> **Task requirements**
Please quote exactly the lines below from the line containing "netzwerk natur, Übergabe" to the line containing "ぼかし硬さ正午AROMASTIC Starter kit", both lines included, and nothing else.

> **Data shown**
_ _ _ _ _ _ _

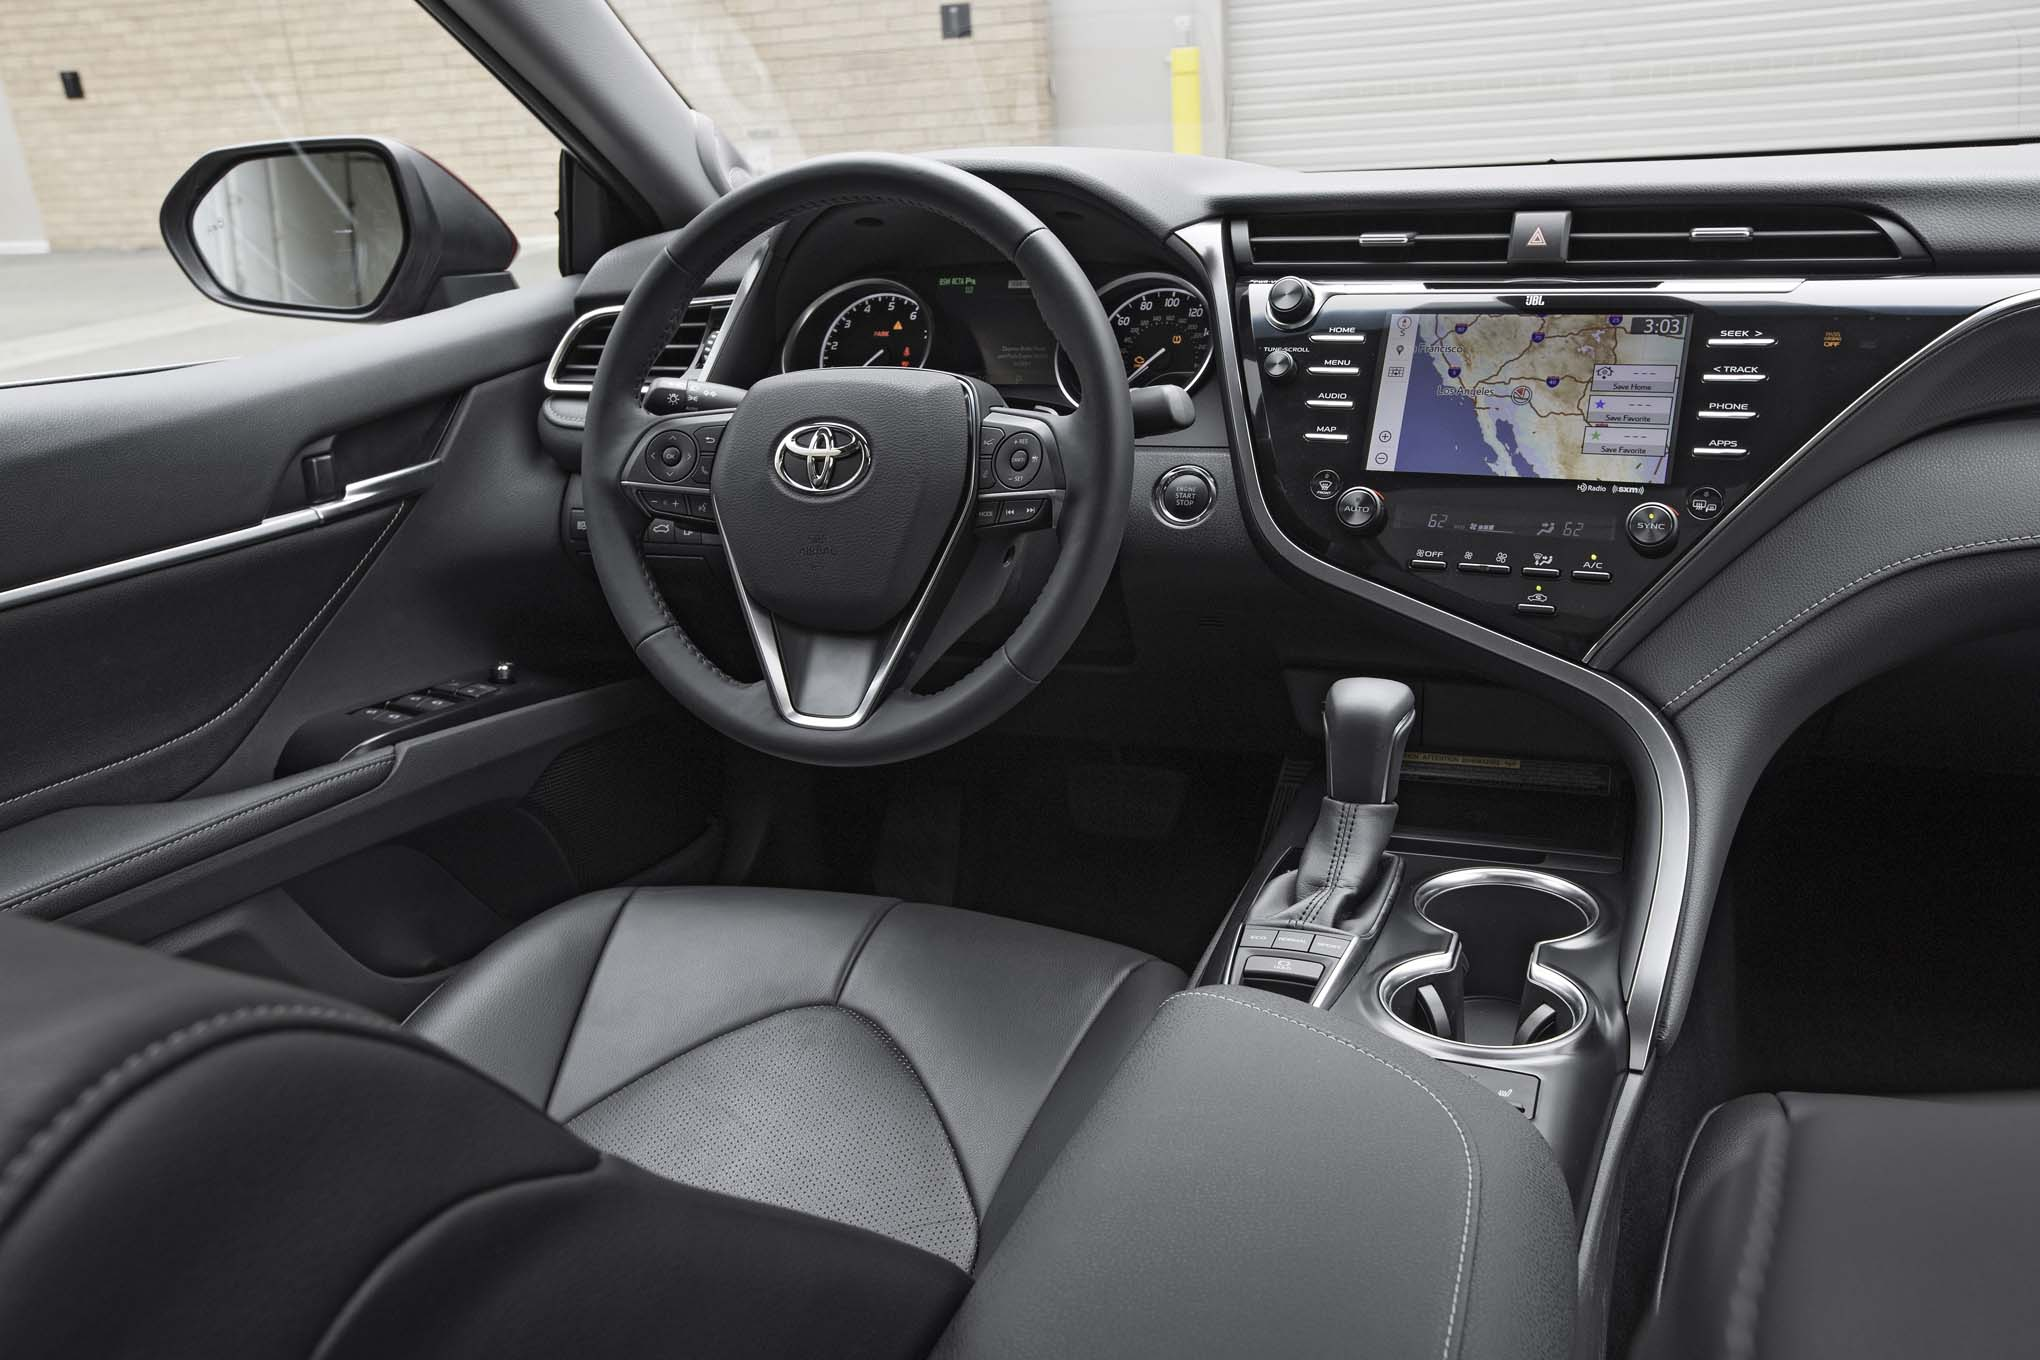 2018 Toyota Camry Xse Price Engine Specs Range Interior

_ _ _ _ _ _ _

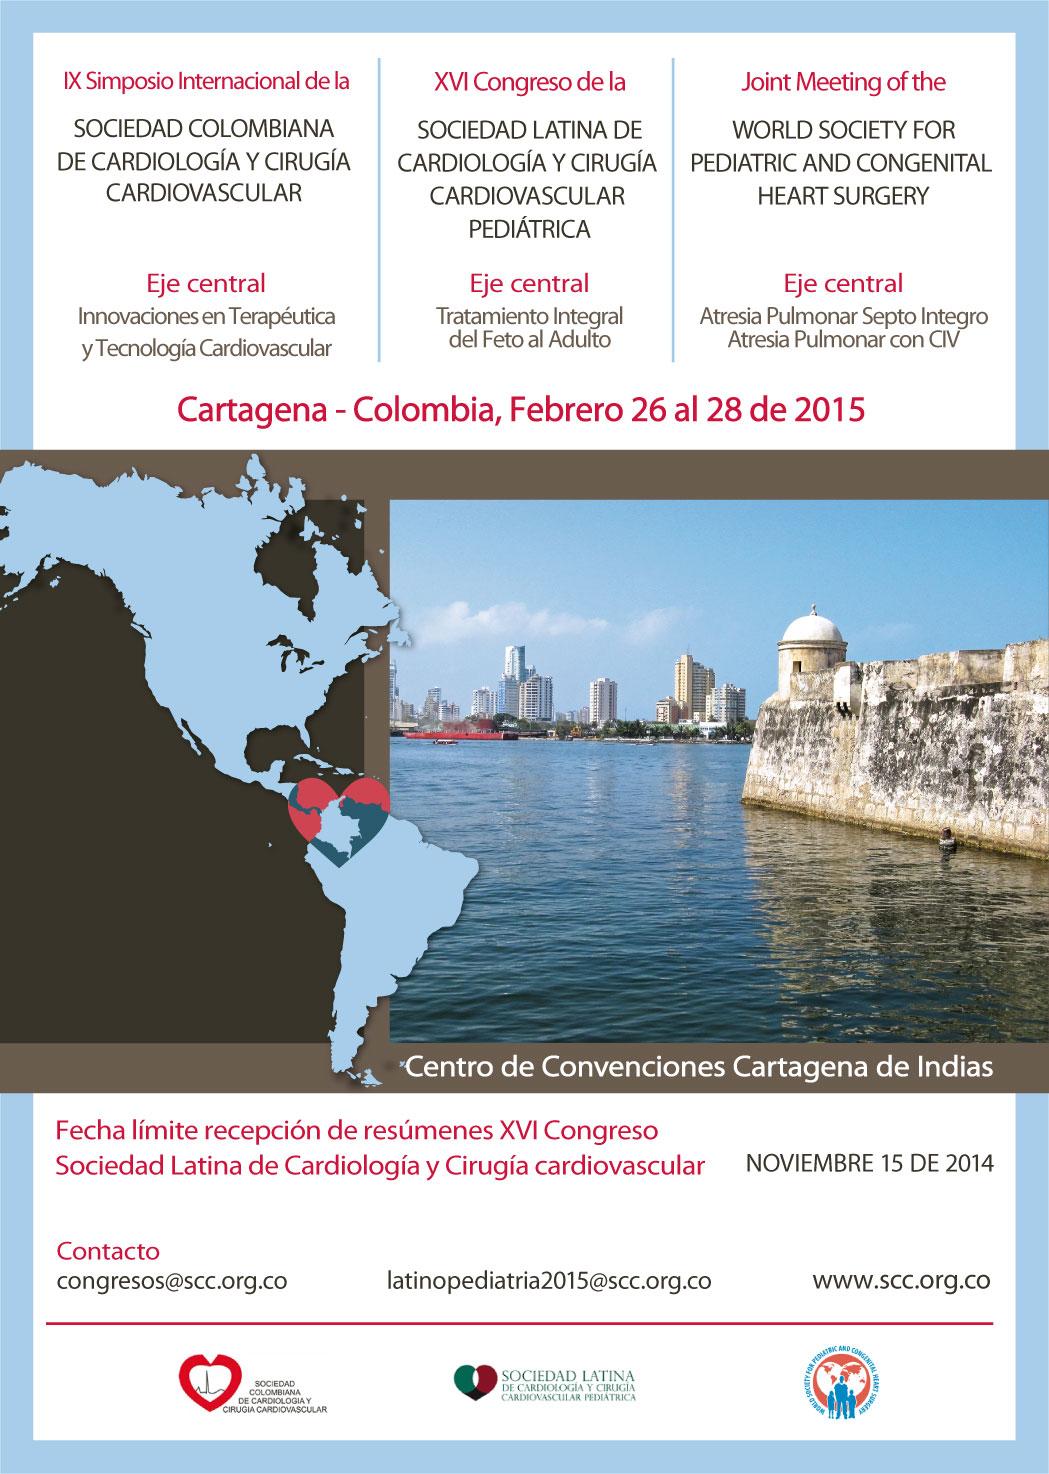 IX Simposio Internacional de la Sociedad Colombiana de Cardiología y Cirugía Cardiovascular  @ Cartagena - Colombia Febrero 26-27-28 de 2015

_ _ _ _ _ _ _

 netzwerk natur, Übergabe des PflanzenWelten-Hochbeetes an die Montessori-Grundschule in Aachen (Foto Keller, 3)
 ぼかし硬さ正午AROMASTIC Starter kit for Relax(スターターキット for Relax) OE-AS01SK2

_ _ _ _ _ _ _

> **Expected answer**
 netzwerk natur, Übergabe des PflanzenWelten-Hochbeetes an die Montessori-Grundschule in Aachen (Foto Keller, 3)
 ぼかし硬さ正午AROMASTIC Starter kit for Relax(スターターキット for Relax) OE-AS01SK2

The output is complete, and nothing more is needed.